GPU partitioning orchestration

# GPU Partitioning: Kubernetes-native Orchestration for AMD GPUs

Current AMD GPU partitioning docs:

* https://instinct.docs.amd.com/projects/amdgpu-docs/en/latest/gpu-partitioning/mi300x/overview.html
* https://instinct.docs.amd.com/projects/gpu-operator/en/latest/dcm/applying-partition-profiles.html

## Problem & Outcome

AMD’s Device Config Manager (DCM) can’t partition GPUs in-place. At the moment, partitioning is a manual process that requires multiple manual `kubectl` commands and active monitoring of the node status.

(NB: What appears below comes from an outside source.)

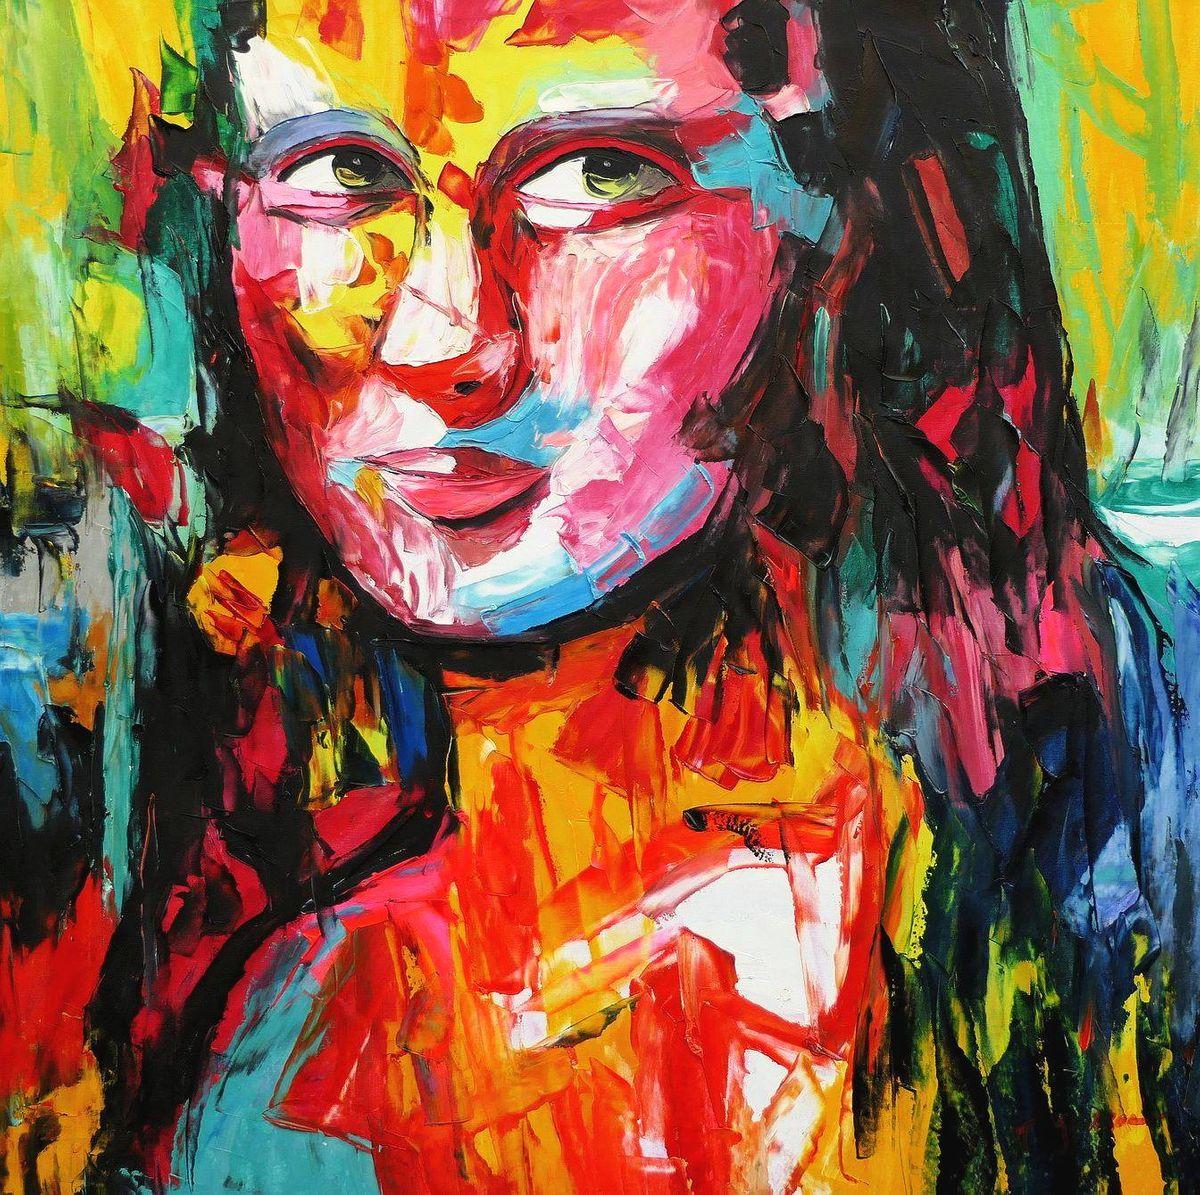 Modern Art - Mona Lisa g97133 80x80cm exquisites Ölbild

In order to encourage the use of partitioning and to later support dynamic partitioning, we need a Kubernetes-native controller stack that:

* lets users **declare** desired partitioning (profiles + plans),
* **cordons/taints/drains** nodes safely,
* **applies** DCM profiles,
* **verifies** readiness and resources,
* and reflects **observable status** at plan and node levels.

## Scope

* State machine: `Pending → Draining → Applying → WaitingOperator → Verifying → Succeeded`
* Cordon/uncordon
* Apply/remove taint `amd-dcm=up:NoExecute`
* Basic drain via Eviction API (respecting PDBs by default)
* Apply DCM profile (node label + ConfigMap update if needed)
* Basic verification (ready label + allocatable resources)
* Update status + conditions + history
* Enforce `maxParallel` / `maxUnavailable` to limit the number of unavailable nodes

## Architecture

**CRDs**

Add a subgroup for infrastructure-related CRDs `infrastructure.silogen.ai` to keep separation of concerns clear.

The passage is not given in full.